▸ **What you should do**
Word for word, repeat the data; no picture should appear in the result.

▸ **Recorded data**
BEGIN

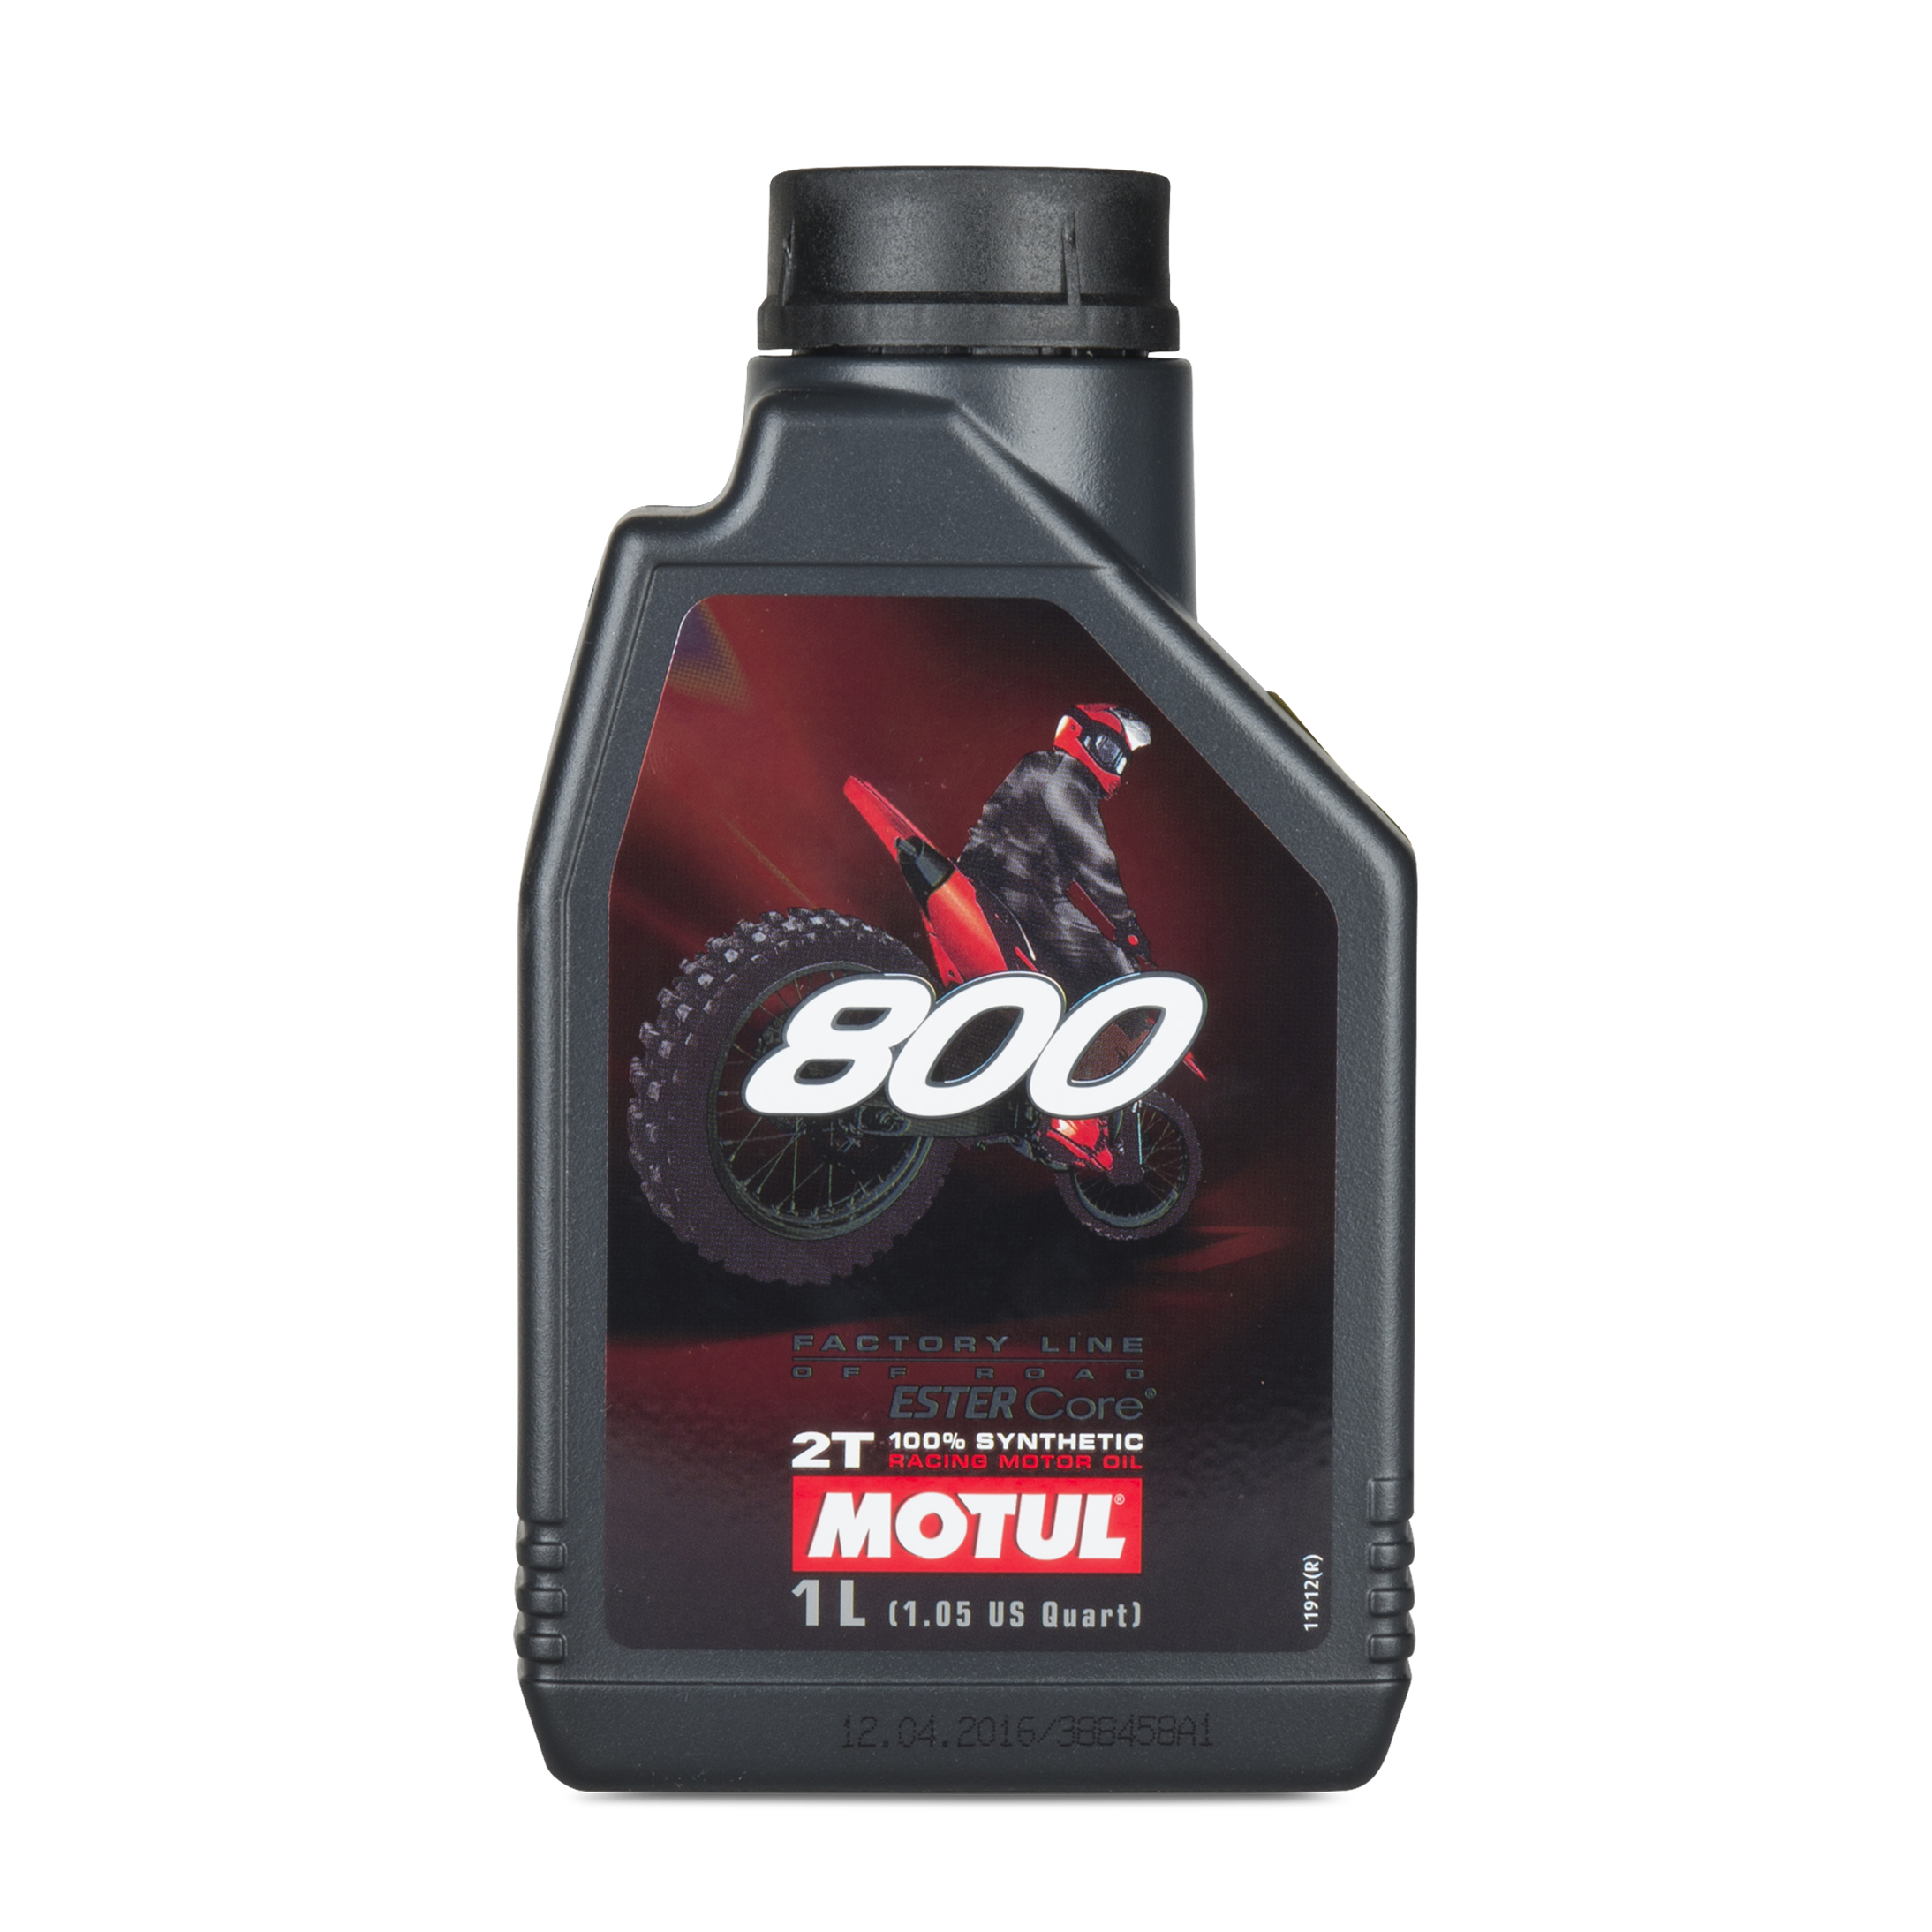 Motul 800 Offroad 2T 1L Oil Fully synthetic - Now 38% Savings
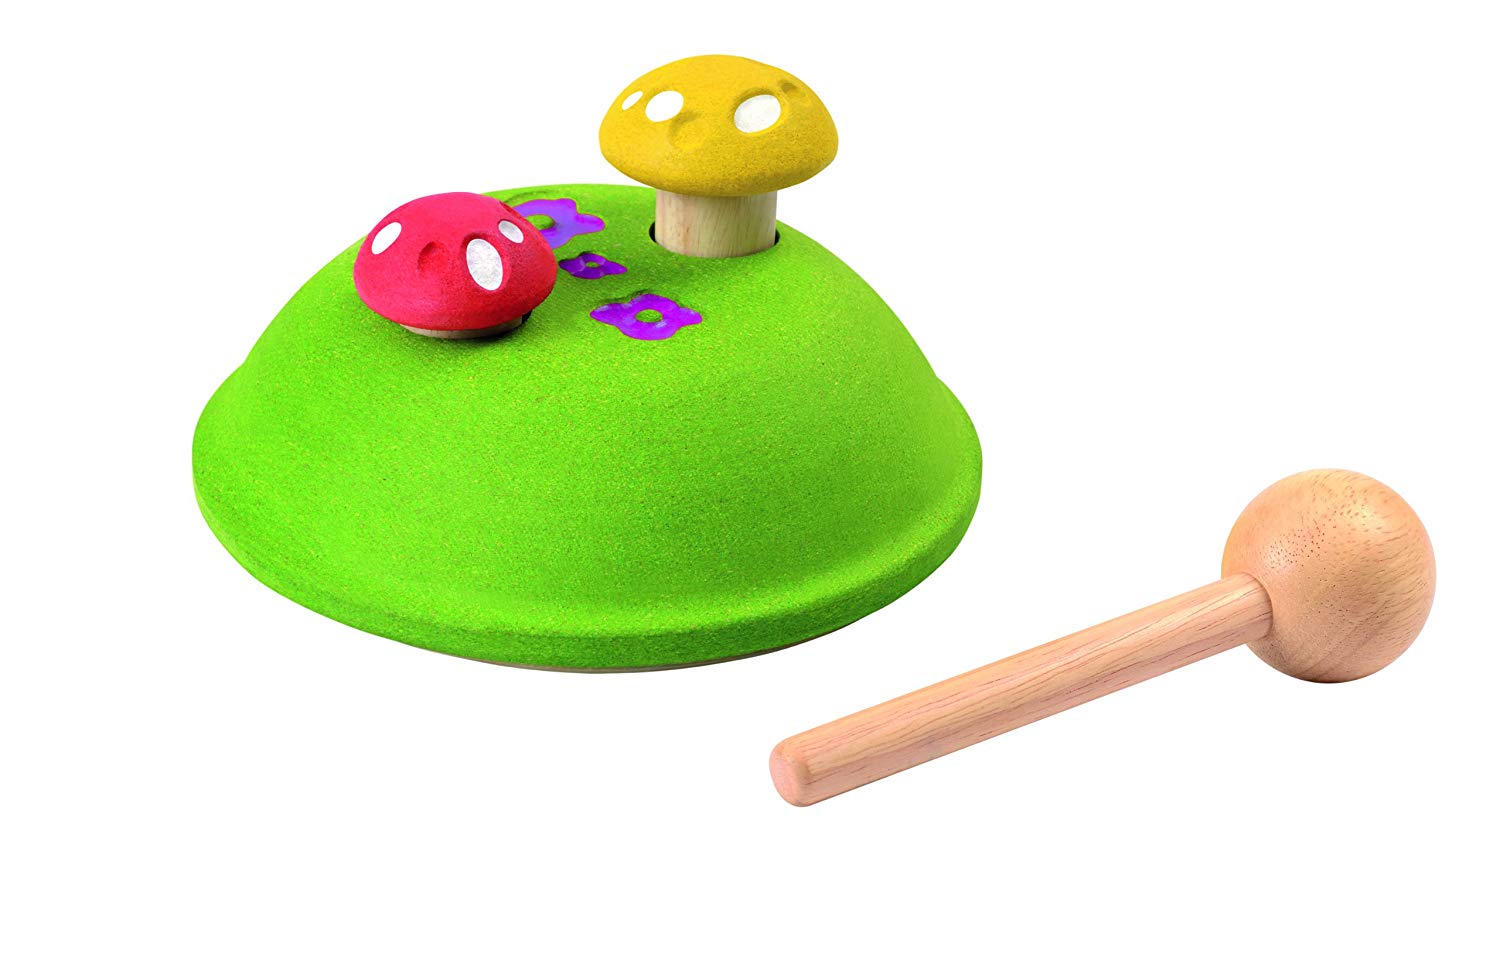 Plan Toys Poun Ding Mushrooms By S
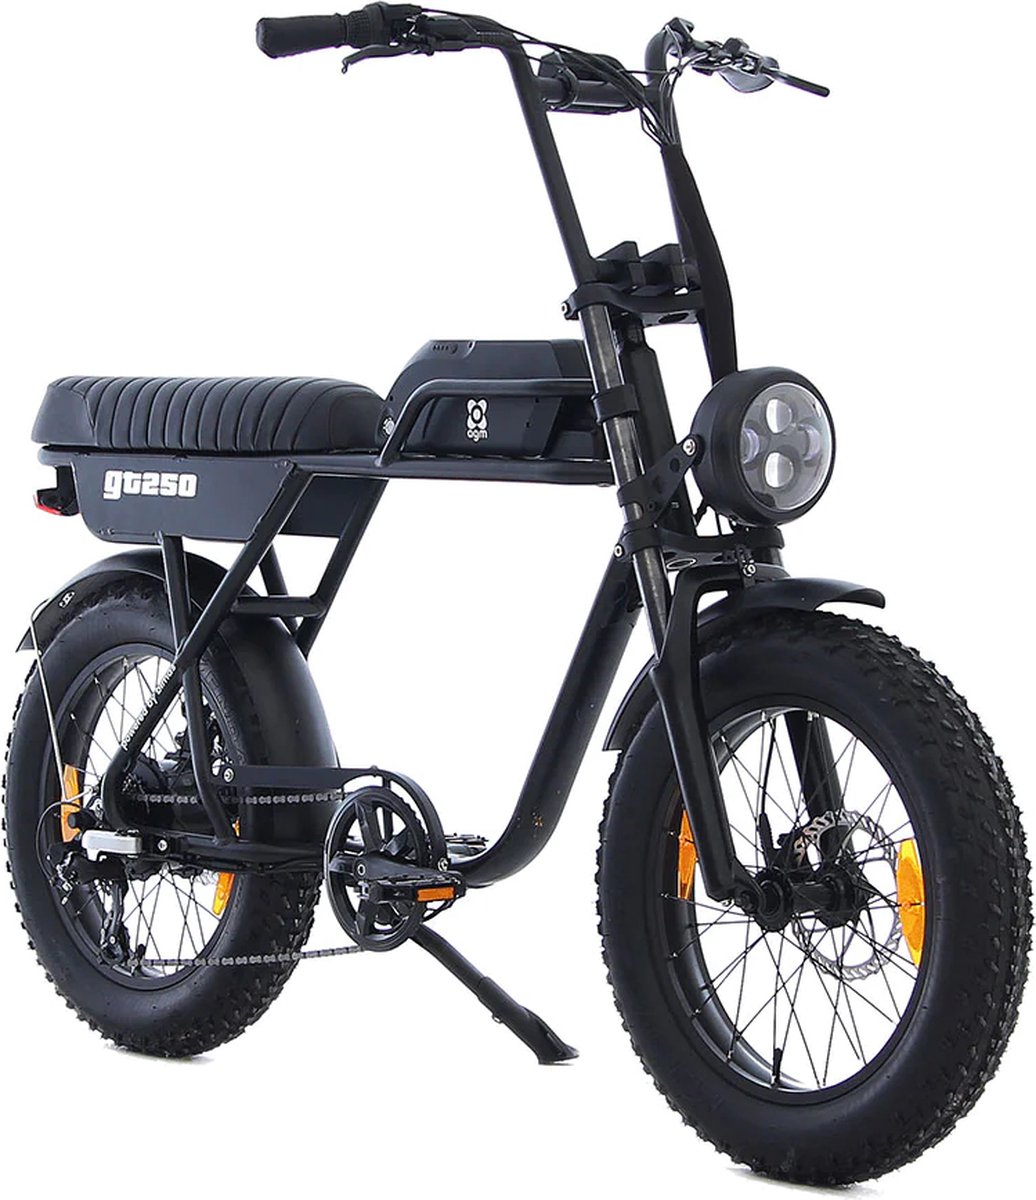 AGM GT250 - Fatbike - zwart - 25km/u - 2 jaar garantie! (8720254000121)

END

▸ **Worked solution**
 Motul 800 Offroad 2T 1L Oil Fully synthetic - Now 38% Savings
 Plan Toys Poun Ding Mushrooms By S
 AGM GT250 - Fatbike - zwart - 25km/u - 2 jaar garantie! (8720254000121)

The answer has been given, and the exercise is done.